Friday, November 05, 2004

Lamentations

Color me depressed. I have the same sense I had when I was five and tornadoes hit Batesville. It was sudden chaos. My kindergarten class huddled under a flimsy table as one of the three monsters that hit our town roared down the street outside our window. After it passed, there was silence and things moved in slow motion for what seemed like days. I suddenly felt very alone and though I wouldn't have said it this way at age five, vulnerable in a way I didn't know was possible. That night I was tired from all of the adrenaline rushes, but I couldn't sleep. For no specific reason, I wanted to cry.

I feel like that now, and I'm incredibly angry. My eyes have bags under them big enough to hold loose change. My friends, like me, are dumbfounded that our country chose the ludicrous facade of morality and security Bush represents over the promise of a more honest, compassionate and intelligent administration. Whenever I see John (my John, not Kerry), I have to choke back tears because of what is now written into state constitutions all over the U.S., including my home state of Arkansas.

As I sit here in the Indianapolis airport I can't speak to anyone. I keep looking around thinking, "six in ten of you were stupid enough to be fooled by Bush--again!" I know it sounds judgmental. At the moment I can't help it.

Now I'm headed to DC for work. I hate that I have to be any where near that poor excuse for a man. I hate the sound of his affected voice. I don't know how true Texans stand it. I hate his dismissive attitude, his razor-thin veneer of sincerity. I hate his absolute dependence on people more intelligent and mean than he is to fill his head with something to say that might possibly pass for substance. I hate that he has NO clue about the experiences and problems of the people who voted for him (much less the ones who didn't). And I hate it that those who voted for him expect him to understand their needs--him, for whom even the concept of an honest day's work is an abstracted myth at best.

If you think I'm making a bigger deal out of this than I should and feel the need to tell me so, I recommend that you don't and that you KISS MY ASS instead. Don't tell me that now that he has won, even if it was a fair election, that I should get behind the president and support him. That is like telling a black person in the 1950s to ignore Jim Crow and support the administration that allowed it. Bush won't help protect me and my family, so he and his can wander around in their drug-induced stupors alone as far as I'm concerned. If they can't face his presidency sober, what makes people think it will be better for the rest of us?

I don't care if you are a family member, colleague, or fellow Christian. If you imagine that another four years of the same illustrious mess we are in now is the best we can do for our country, you can't hear me and I can't hear you. You ignored the true concerns of this nation for the sake of what you think (how, I cannot possibly imagine) is a model of morality, security, or fiscal responsibility and voted for the worst president in our history--twice!




3 Comments:

Blogger Troy said...

Thank God we have 49% of the country that understands. We shoudl remind ourselves of this.
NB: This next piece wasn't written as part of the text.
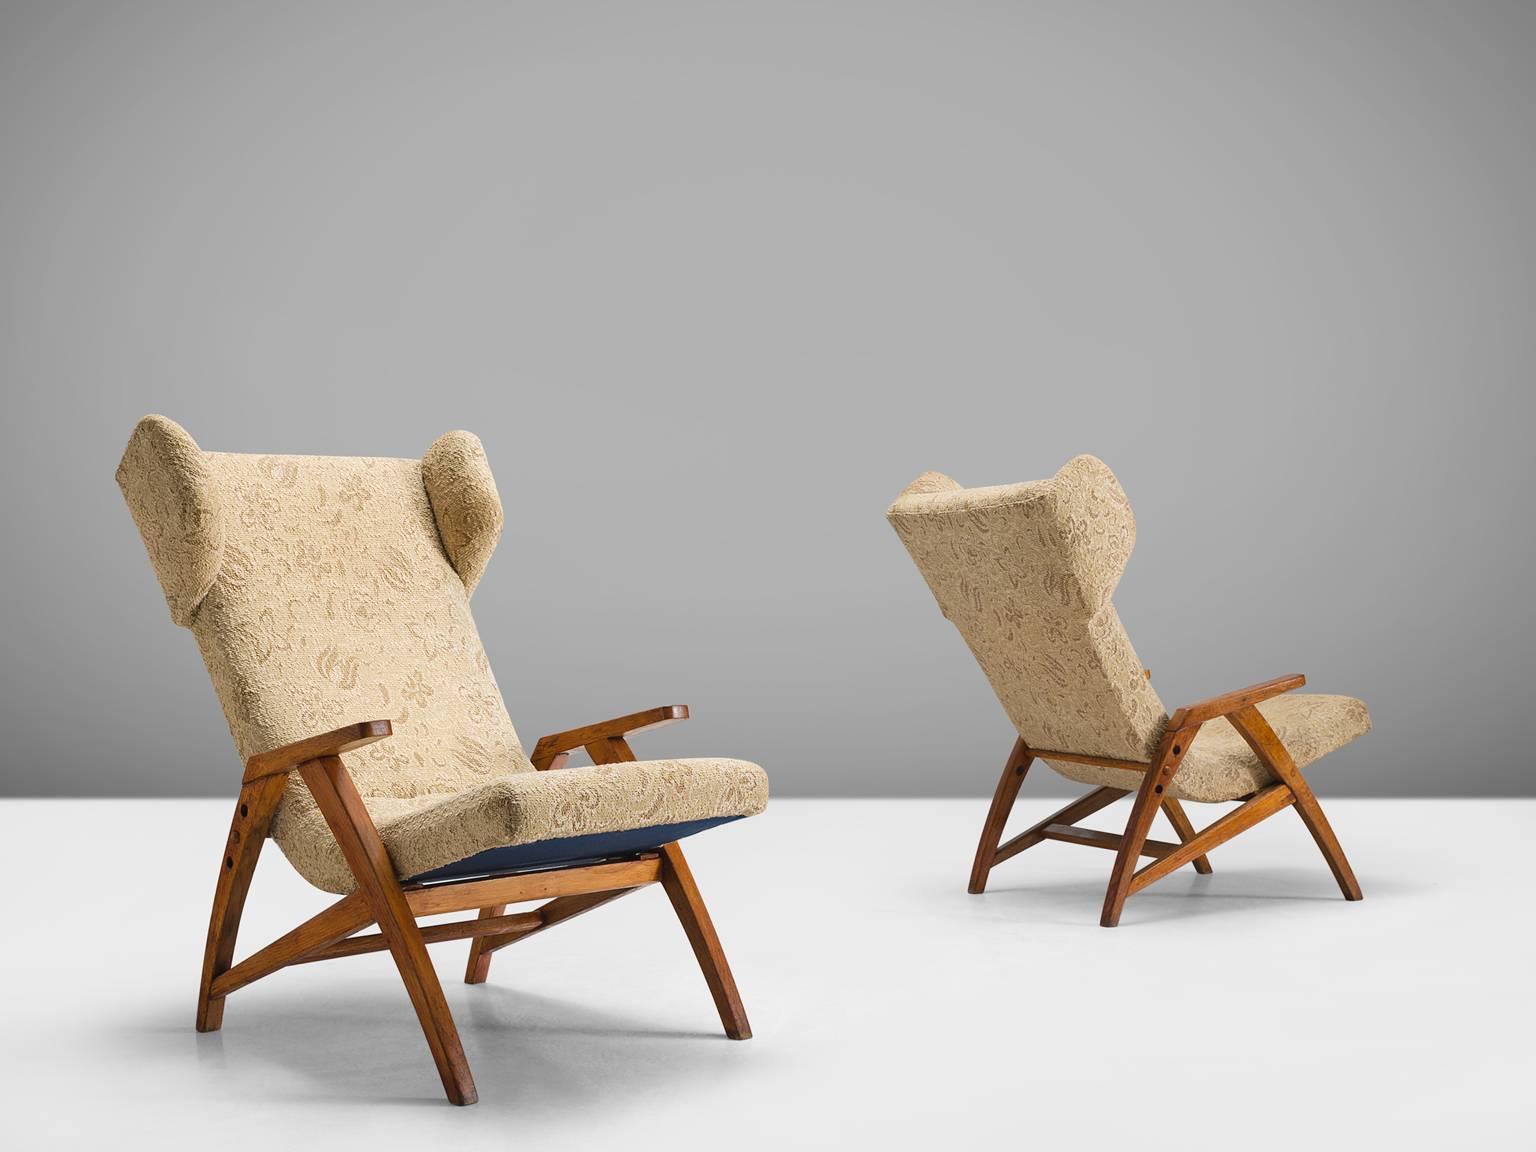 Easy chairs, wood, beige brown fabric, oak, Czech Republic, 1940s.

Two strong oak wingback chairs designed with a slightly sloped back in order to provide sitting comfort. The chair features small, geometric wings that are separated from the the

It has been so wild to be in DC and then here in Portland, Maine. Both were voting at about 90% for Kerry. People are literally in shock. My friend Dana who brought me up here to work for a couple of days walked me through an exhibition on the birth of the U.S. In one of her galleries she had put quotes on the walls (2 weeks before the election) from famous Americans. One was from the writer Pearl S. Buck that said "People who have never had their freedom threatened do not know how valuable it is." As we stood there looking at the quote I told Dana that a few years (months?) ago, I would not have understood that quote the way I do today. Rosie, you're absolutely right. We better be ready to fight and for a long time. This election was just the beginning for me and the civil rights thing even though the battle was started long ago. I'm embarrassed that it took me this long to care this much. But I'm there now. And so are a lot of other people.

2:44 PM  
Blogger The Humanity Critic said...

I felt depressed too after that day. Just the mere thought that america voted that jackass back into office makes me sick..Great blog..

7:39 AM  
Blogger Troy said...

THC, glad you checked in. In this case misery loves company. But we do have a lighter side, too.